Many want to offer some sort of comfort, but most struggle finding the "right" words.

Below you will find some suggestions about typical things that many people say that are not helpful as well as a list of the most meaningful and comforting approaches.

What NOT to say:

  1. "I understand how you feel". Even if you have also had a loved one die, you cannot know the experience this person had or the way they are experiencing their loss.

  2. "Time Will Heal". Although this may indeed be true, the grief can be strong in the moment and that is all they can really understand. They need the space to feel the loss.

  3. "At least they're in a better place and their suffering is over". This minimizes the grief and the undercurrent says "stop feeling sad".

  4. "At least they lived a long life". Again, although these words may be true, the loss someone feels is real and we don't want to minimize their pain by rationalizing why they shouldn't be grieving.

  5. "You have to be strong". Why do they need to be strong? This is a paradigm that really says "sad feelings are bad". People need time to grieve fully in order for them to heal.

  6. "There is a reason for everything". Again this minimizes the deep loss someone is feeling.

  7. "How are you doing"... it's best to assume they are not doing well and for someone who is grieving this is a difficult question.

What TO say to offer support to someone grieving:

  1. I am so sorry for your loss.

  2. I wish I had the right words, but know I'm here to support you.

  3. I don't know how you feel but I'm here to help in any way I can.

  4. You are your loved one will be in my thoughts and prayers.

  5. My favorite memory of your loved one is...

  6. I am always just a phone call or night.

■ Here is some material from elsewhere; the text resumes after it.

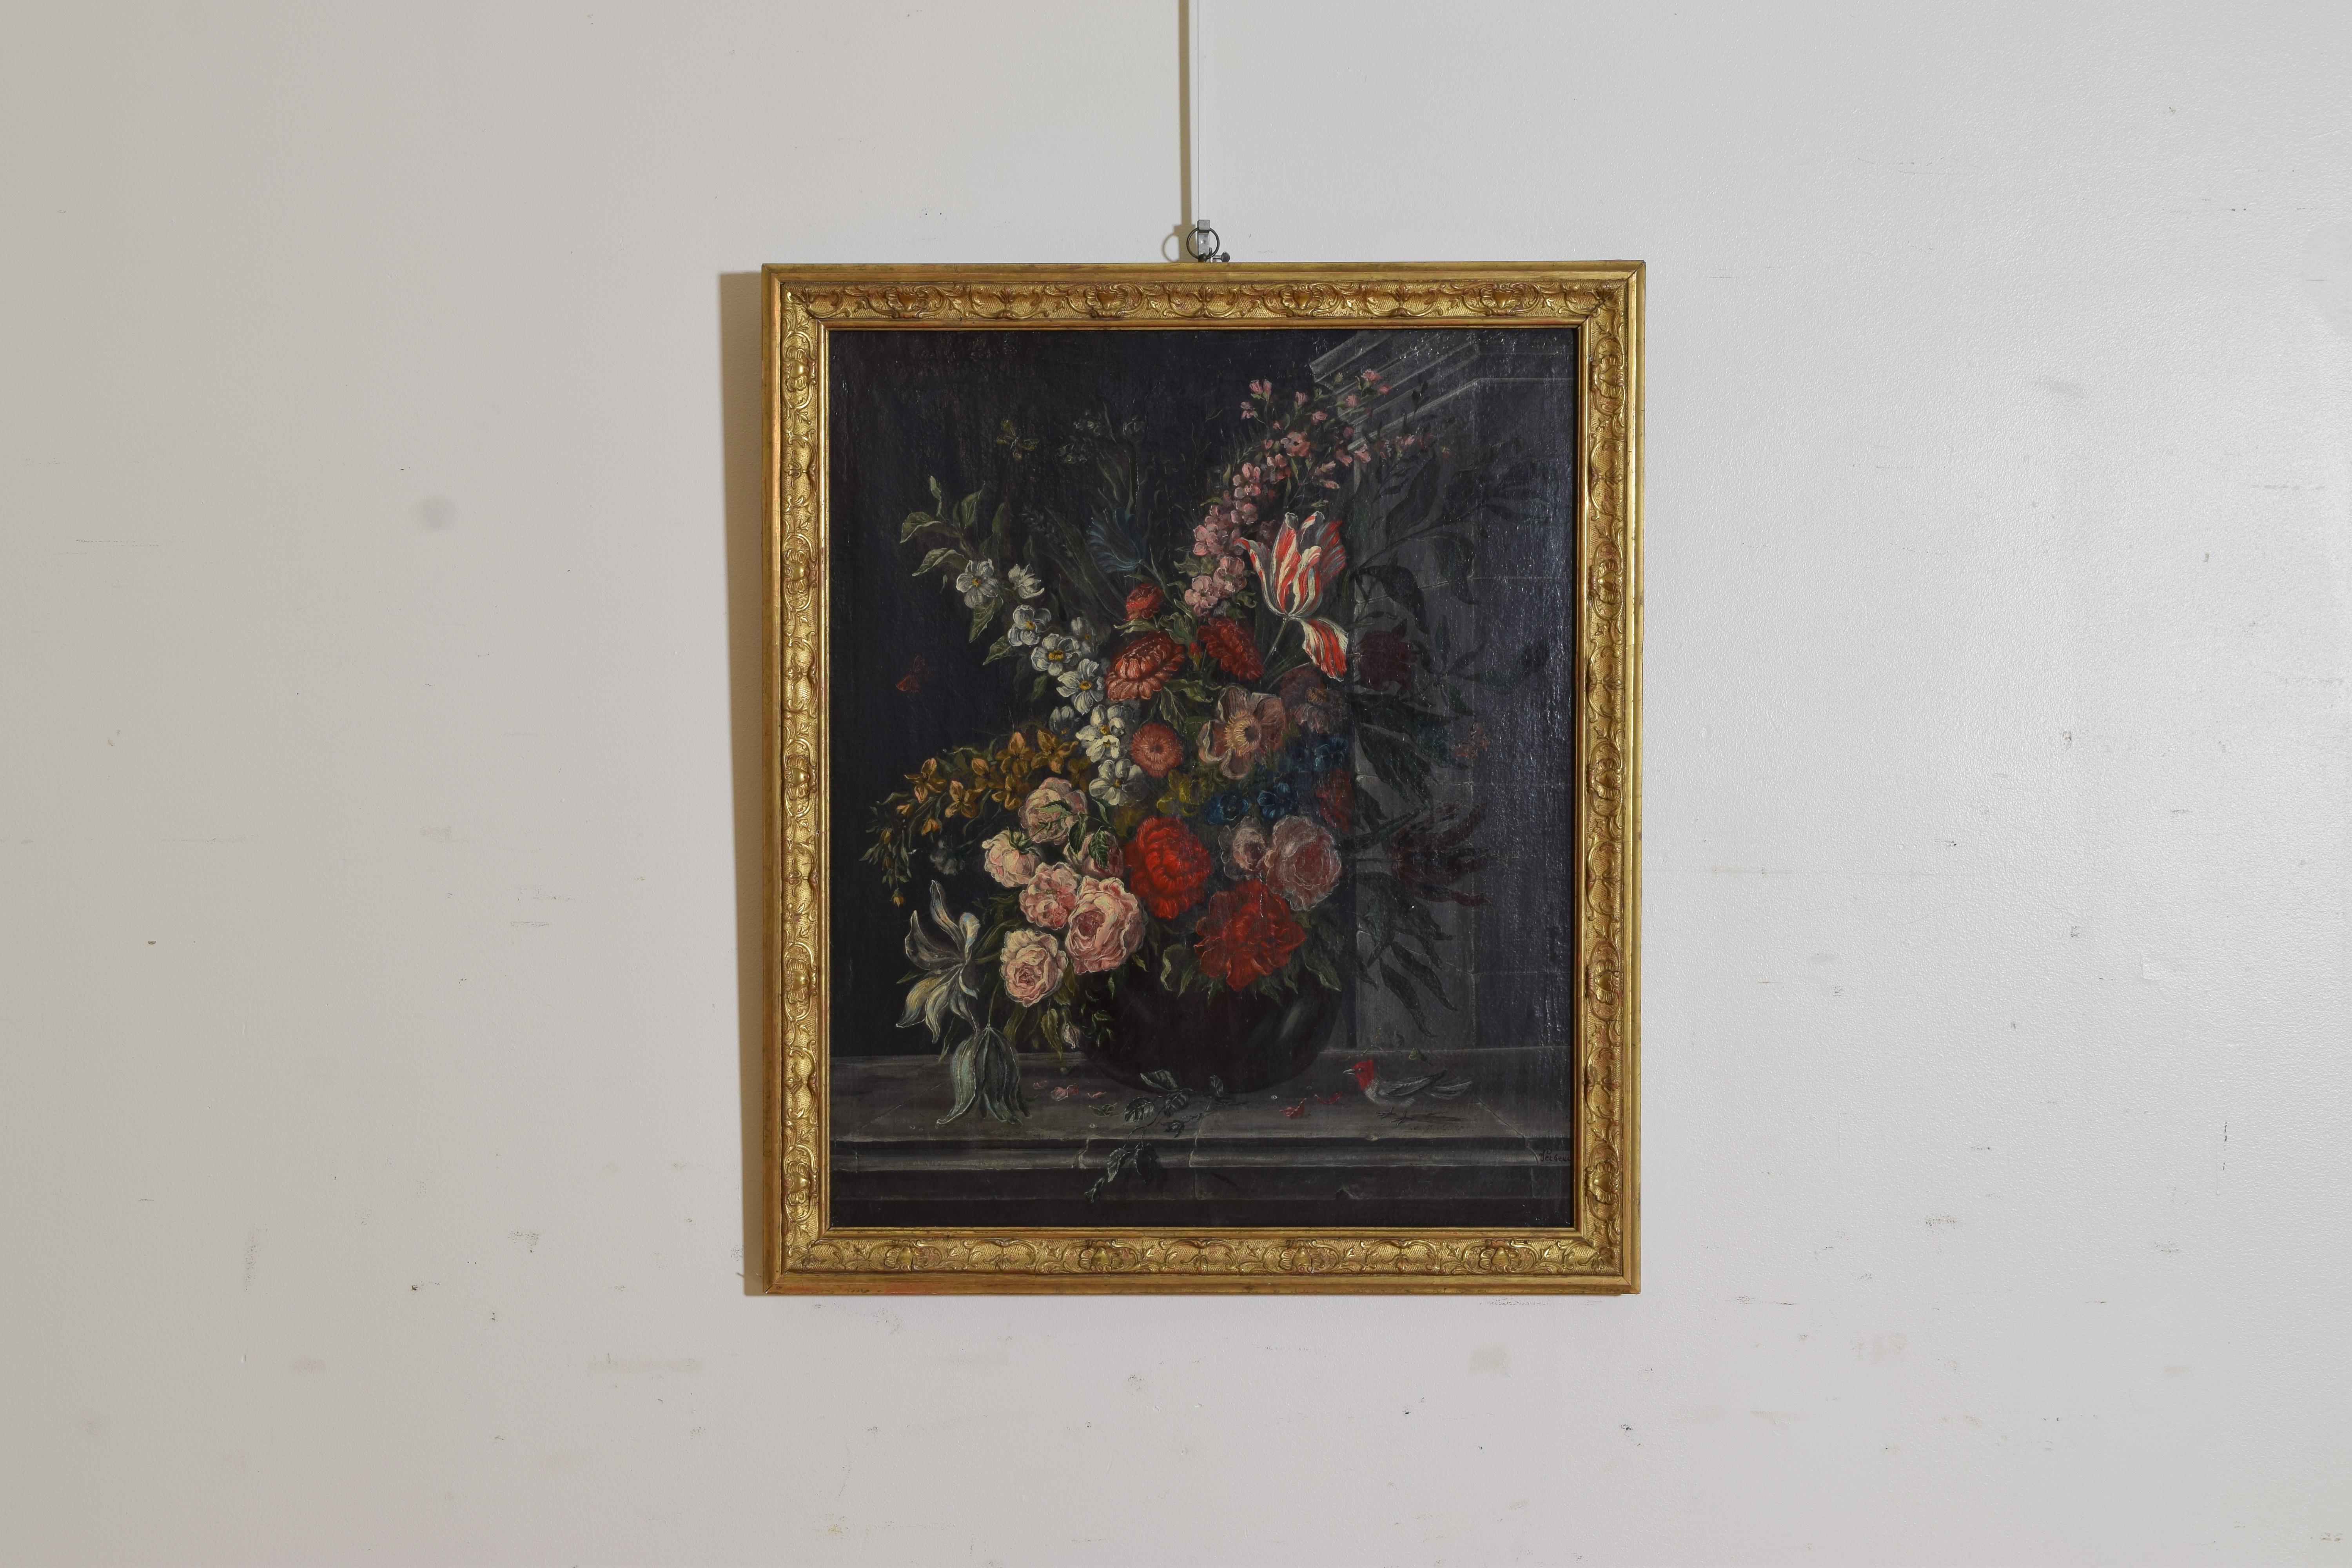 Depicting a vibrant bouquet of flowers in a vase placed on a stone window sill with flying butterflies and a red bird, retaining a period carved giltwoood and gilt gesso frame, signed lower right

  7. Just offer a deep heartfelt hug. Words are often inadequate at times like these, but physical presence and connection speak volumes.

Although it can feel overwhelming and even frightening to approach someone who has just experienced such a great loss, having a sense of comforting words can empower us to offer our love and support. Remember, even just a loving presence can communicate all the important things that words just don't cover.